There is something soothing about life.
Indeed, with its repetitive seasons, life always goes on.
Yes, life keeps going on in both happy and adverse times.
Life keeps moving on after the death of our loved ones.
Life will also surely keep moving on after our own end, despite anyone’s sorrow.
When someone’s life is meant to be/continue to be, nothing prevents it; neither danger nor earlier risk in the prenatal period.
Of course, this is not the case when early or later prenatal stages of what would/could have been life are not compatible with full-blown life, postpartum.
Bearing the above in mind, this post, which is not a reflection about the natural process of life and death, focuses on the choice of life; despite the concurrent option of despair and even death, in times of adversity—both personal and collective.
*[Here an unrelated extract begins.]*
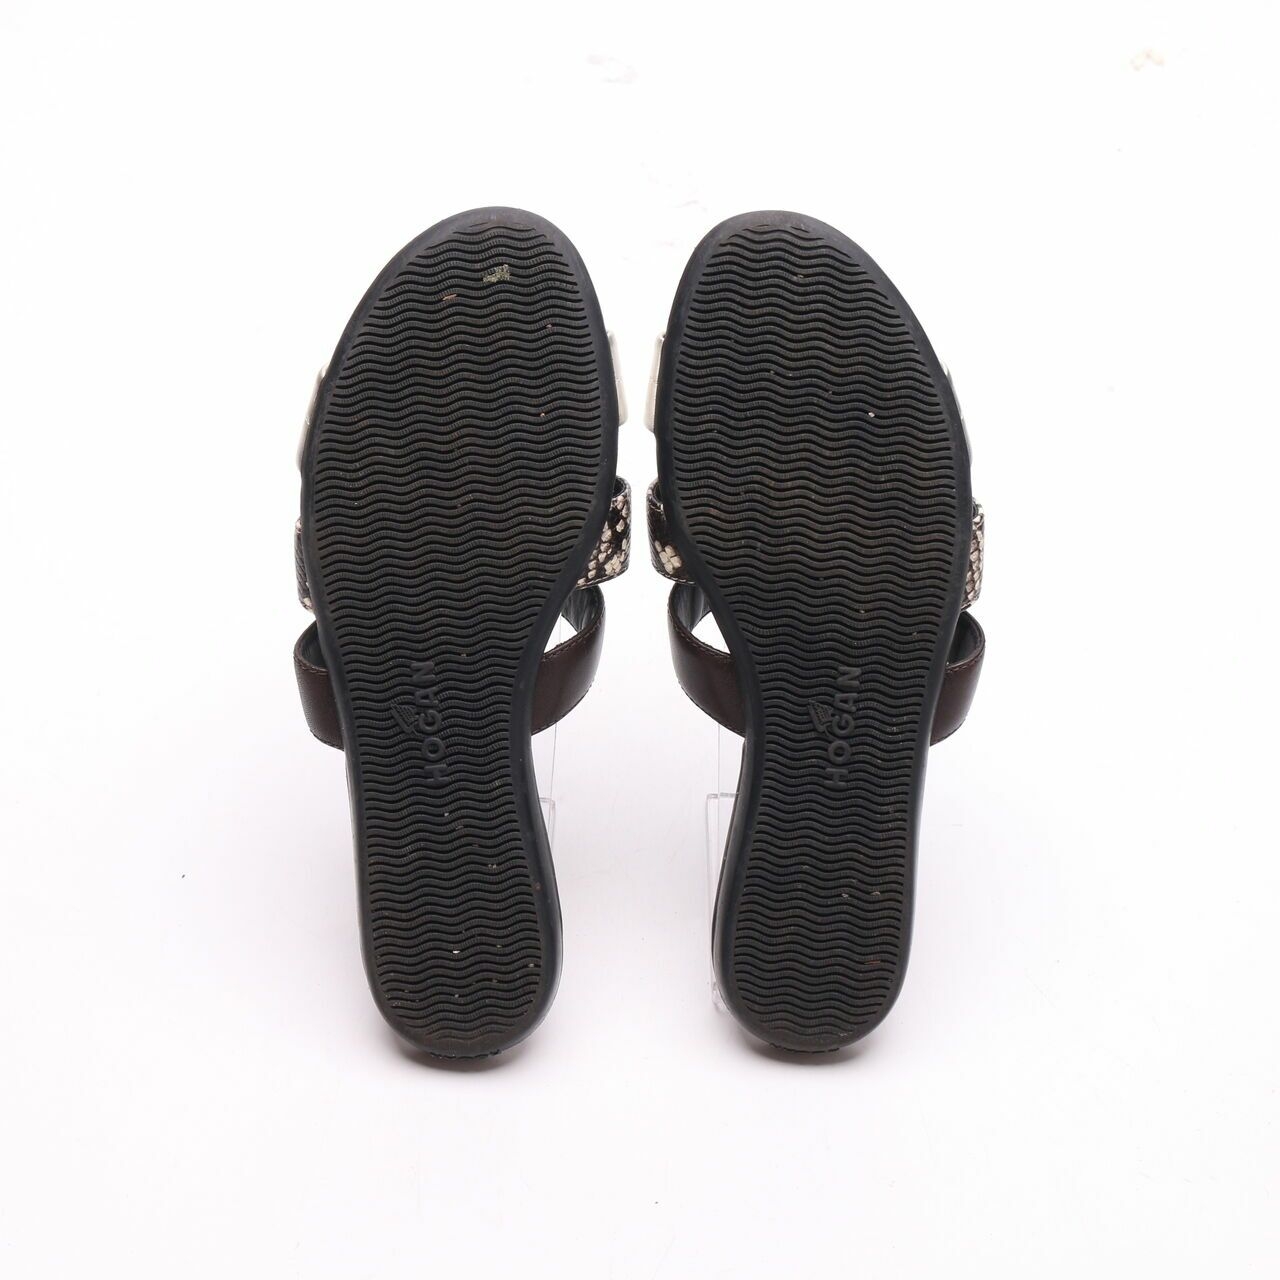 Hogan Black Sandals

To begin with, what is the nature of this force within us that keeps driving us to choose life daily and at different stages of our lives, regardless of any adversity or of the meaning we give to our existence? It is fascinating, isn’t it?
Regardless of circumstances, especially dark ones, how can we learn to keep welcoming honouring, listening to, and enjoying life force, with any resulting attitude or behaviour?
What role does introspection—capacity to look within—play in consciously choosing and embracing the will to live? Live as an innate drive to survive, but also as a chosen force to process human experience, cope or grieve, grow, thrive, and flourish.
What role does our naturally changing circumstances play in all this? Or rather what meaning do we want to give to those circumstances? In what ways do we want to interact with certain elements from our circumstances in harmony with our life values?
Of note, some elements of our context—or rather our transactions or relationships with them—may be nourishing for us. Yet others may be limiting and even potentially destructive. Same for the elements or characteristics that belong to us. They can be nourishing to others. They can also be potentially harmful. The latter are not the responsibility of others. They are not even excused by any circumstances. These personal elements—attitude or behaviours—can adversely impact others while being self-destructive in the long-term, whether consciously or not. So what to do about them?
To conclude this post filled with questions, may we all be lucid while being as psychologically flexible as possible to self-reflect, as needed, and to navigate life and relationships—with ourselves as well as others—in the most authentic way possible.

Such powerful & meaningful words❤️
Bambi is grateful for your positive comment. Thank you Maxine.